Artificial Intelligence offers an infinity of better uses than as a means of exploring the truth content or the efficacy of gaining spiritual goals found in a religion. This applies to Buddhism too, though basically it is not a religion.

The ultimate truth that Buddhism guides the seeker to find for themselves cannot be realised with the help of an artificial tool. Self-realisation cannot be achieved through a machine. As to propagating Buddhism abroad, there is no need for AI or any other modern technology to be specially used for that, which cannot also be used for the propagation of other religions.

Actually, if AI is used to establish the veracity of each religion by its adherents as the sole custodian of what it claims to be the Absolute Truth in contravention of the claims of rival religions, the advent of AI will definitely spell doom to all religions including the Buddhist religion.
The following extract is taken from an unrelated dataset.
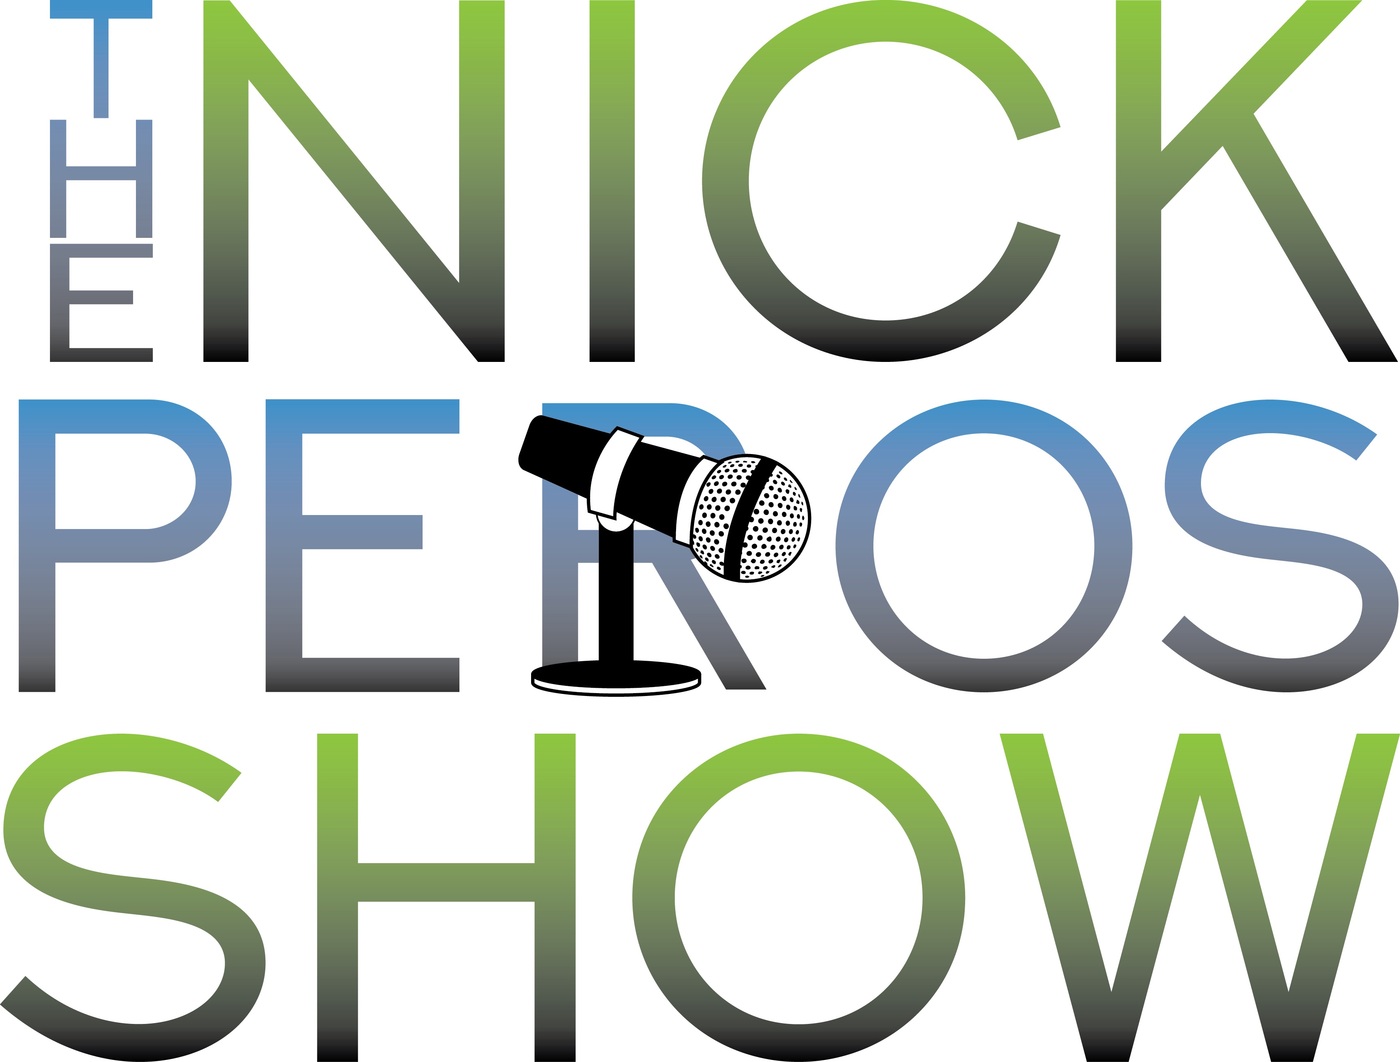 The Nick Peros Show - Episode 14 - We're Back!

But the ethical philosophical essence of Buddhism cannot remain in circulation unless it survives in the form of a religion. Unique among religions, Buddhism recognises two kinds of truth: sammuti sacca or conventional truth and paramattha sacca or absolute truth. Will a machine make this distinction? Any technology savvy adherent of a religion will be able to use AI to establish their religion’s claim to the possession of the Ultimate Truth, but the problem is that a similarly skilled different believer of the same religion, by feeding a different sample of selected data as they understand it from their so-called sacred sources, may arrive at a different form of the Absolute Truth they propagate. That is the situation that has continued down the ages causing sectarian conflicts within a religion and between religions, sometimes involving death and destruction with the gods they worship and offer prayers to for protection nowhere to be seen as is now happening in the Israel-Gaza theatre.

My opinion for what it is worth is that there is hardly anything that the most pious protector of Buddhism could do to save Buddhism in Sri Lanka or propagate it in the world through AI. There are at least 500 million Buddhists in the world, most of them belonging to the Mahayana tradition. Sri Lanka’s 15 million Theravada Buddhists are a small minority in global terms. But Sri Lanka has the historic distinction for being the venue where the Tripitaka of the Theravada or the Elders’ tradition was first committed to writing in the 1st century BCE and for having maintained its still prevailing Buddhist religious establishment unbroken since the 3rd century BCE. So Sri Lankan Buddhists do have a very important role to play in global Buddhist missionary movements. However, AI is not likely to have any central role to play in such a sphere.

 The good uses that AI can be put to in diverse fields such as medicine, space exploration, archaeology, agriculture, economics, defence/military, espionage, and so on and so forth, are limitless. As numerous are its possible abuses at the hands of antisocial elements with the necessary expertise in its application. For example, AI tools can be misused for making deep fake videos to misrepresent the message of a well-known personality, such as a prominent monk in order to sabotage his work or merely to defame him. This is a legitimate concern that the president hints at in his original proposal, where he says proper legislation must be put in place before the envisaged AI programme is implemented.

Finally, it may be submitted that the money set aside for the proposed AI for Buddhism research programme (which could be seen as discriminatory towards adherents of other faiths in addition being open to criticism by the Buddhists themselves as counterproductive) should be better spent on providing easy access to (preferably, free) online education for all students of the country irrespective of the urban rural discrimination, social and economic status discrepancies, race, religion or language differences.  Let’s protect the Buddha Sasana from politics.